What's The Difference Between Them?

The differences are pretty simple. Taking from Andrej's video linked above, Software 1.0 is the physical code that runs and executes instructions. For example, this would be most of the software you interact with at the time of writing. When you open your smartphone, you're utilizing Software 1.0. It's literally the code that runs, and you can guarantee (barring cosmic rays) that this software is guaranteed to run the exact same way.

Software 2.0 shifts the boundaries a little bit. Instead of having rigidly defined problems and solutions, which the field of algorithms is very well-suited for, Software 2.0 begins to move toward a more open-ended interpretation of the end goal. For example, consider a recommendation system. There does not yet exist an algorithm that can generalize to all the users that you might have on your platform which can also be written purely in a Software 1.0 lens. This is because a recommendation, just like if you were giving a recommendation to a friend, transcends beyond rigid constraints that are common in Software 1.0. If I were to recommend a movie, some example features that I might take into account are their specific tastes, the time of year, current events, their mood, etc. Translating this into a computer program might be theoretically possible, but it would be impossibly complex. As a result, some type of statistical or numerical method is utilized to optimize for the best recommendation. Think of these almost like an FPGA: insanely good at the narrow task, but terrible at everything else.

In Software 3.0, the software becomes the platform. The LLM as an execution engine is now a fully stochastic (though, within many use-cases, reasonably predictable). I can define a loose set of constraints and, depending on the model (ex. claude code), I can obtain a result which is exactly, or close to, what I was looking for.

How Does Security Change for Software 3.0?

Consider a mobile app, which would canonically be considered Software 1.0, and might also include some Software 2.0 features. An engineer can easily define security guardrails in the application to ensure it’s used properly. They could distribute the application via secure channels like an App Store that “double check” proper controls. They can then add authentication and use strong security when storing user passwords (you are hashing your passwords, right?). They can then also add guardrails to certain features that they might charge for, or only make such features available to certain types of users (ex. Enterprise). In the space of Machine Learning (ML) engineering, we define an adversarial attack as one which can trigger the model to output something undesired. In a typical application security context, this is akin to something like a misconfiguration in an AWS s3 bucket (we’ve all been there) leading to leakage of its contents. This is fixed with a simple configuration change, and any good auditor would catch these issues immediately.
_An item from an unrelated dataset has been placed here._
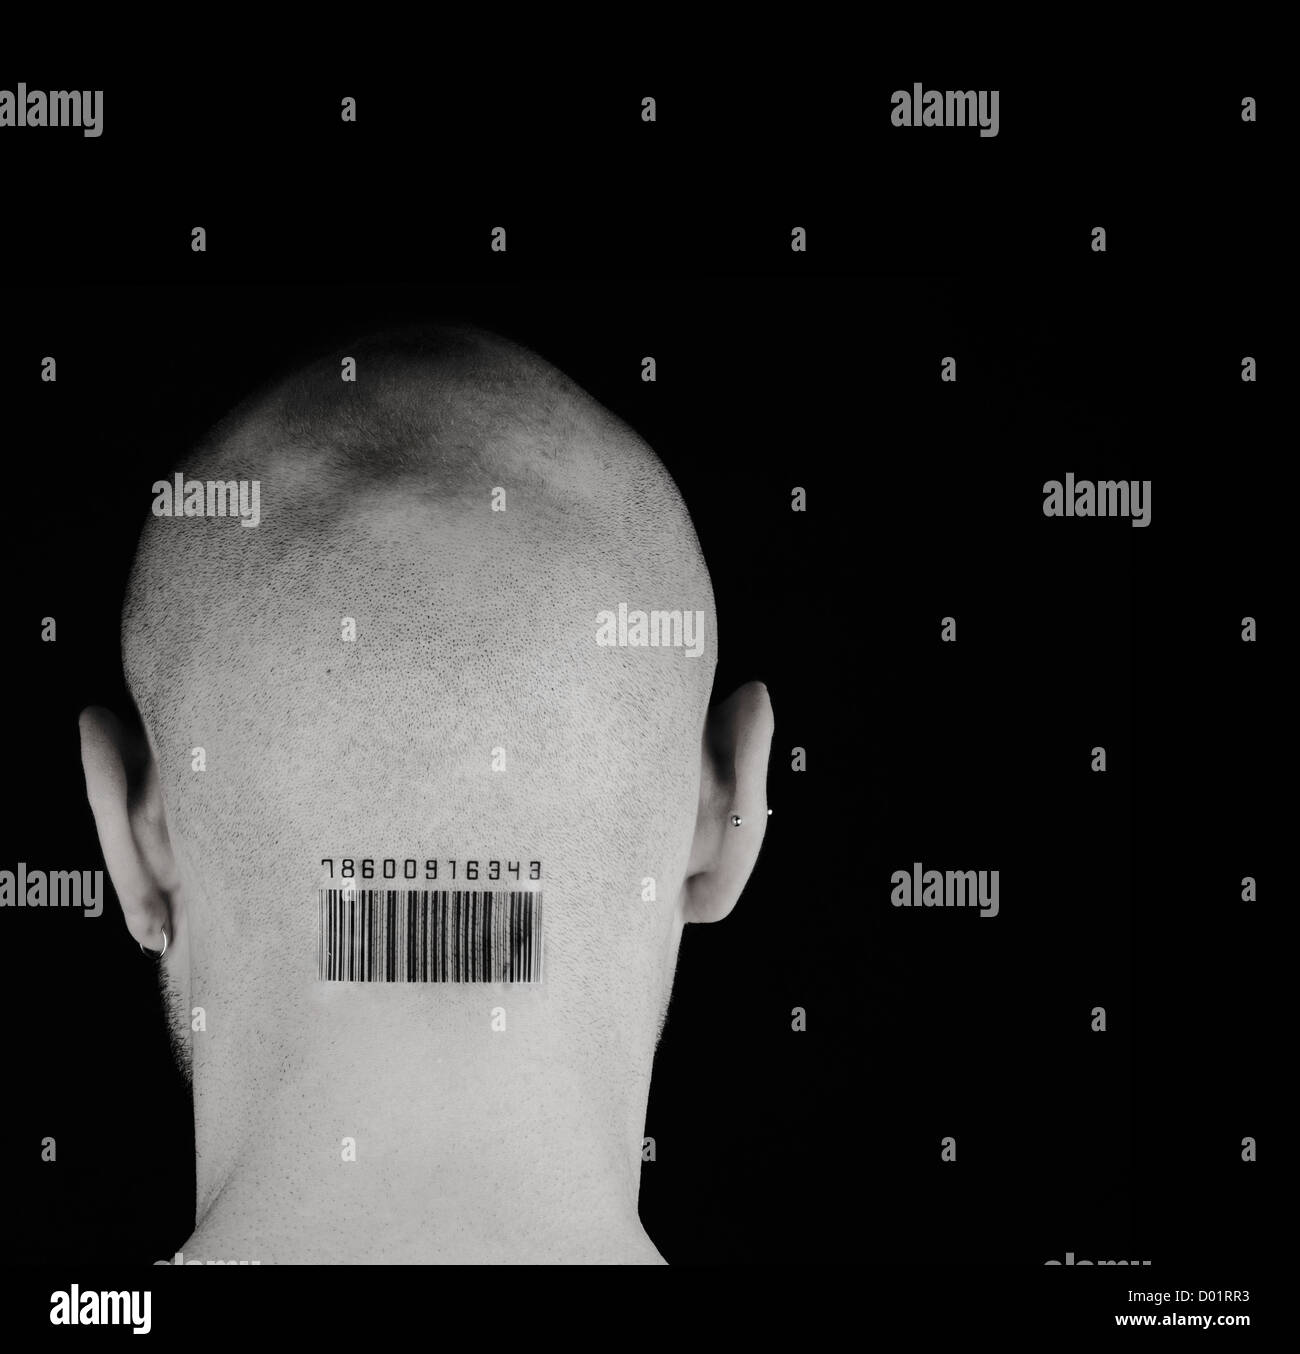 Uomo con codice a barre sulla testa contro lo sfondo nero Foto Stock

LLMs and the broader AI ecosystem present challenges that make such remediation much more difficult. Most of contemporary AI, while insanely advanced, is still in its infancy in terms of trust, reliability, and consistency. By extension, LLMs further increase this potential attack surface due to their handling of multiple modalities of input (called “multi-modal”). We still don’t fully understand what models do when they make a decision, and we rely on a whole slew of different evaluation criteria just to make sure they’re working as we expect. Testing correct outputs against a control using evaluation criteria such as the cosine similarity score are not currently in widespread use. This is due to a number of reasons, but some of them are the lack of standardization (though this is being worked on), the imprecision of evaluating LLM output (how do we measure Software 3.0 with Software 1.0?), and defining the control to test against are all examples of where a naive measurement such as this may fall apart under scrutiny.

Furthermore, we see lots of state of the art approaches rushing through the floodgates, most notable at the time of writing is the deepseek-r1 model, trained in a fraction of the time, and at a fraction of the cost of the comparatively exorbitantly expensive OpenAI o1 model. These models all exhibit different characteristics, have different training processes, and are designed with different use-cases in mind. While there are standard benchmarks like SWE-bench (though some argue it's becoming susceptible to Goohart's Law), there's no easy way to evaluate a system like you would have with Software 1.0 or 2.0. This is all to say: AI is hard, and LLMs are even harder.

Why AI Security Is Hard

Tradsec In The Context of Software 2.0

Let’s consider everyone’s favorite groundbreaking AI model, YOLO. At the time, YOLO was a monumental improvement over existing methods. It provided a novel architecture which, compared to the complexity of today’s systems, is relatively simple to implement (even from scratch!), and was quite fast for real-time computer vision tasks. One key quirk of neural networks more broadly, however, is that anyone with access to the training set can change the input imperceptibly and lead to vastly unexpected outputs. So a disgruntled data scientist or malicious engineer could theoretically destroy your training set, leading to huge model performance degradation and potentially harm to your users depending on the use case.

Do you have an action plan for dealing with rogue employees? Sythe Labs offers a comprehensive adversarial evaluation of your target infrastructure to make sure that no one, not even insiders, are capable of harming your critical products. Get in touch today!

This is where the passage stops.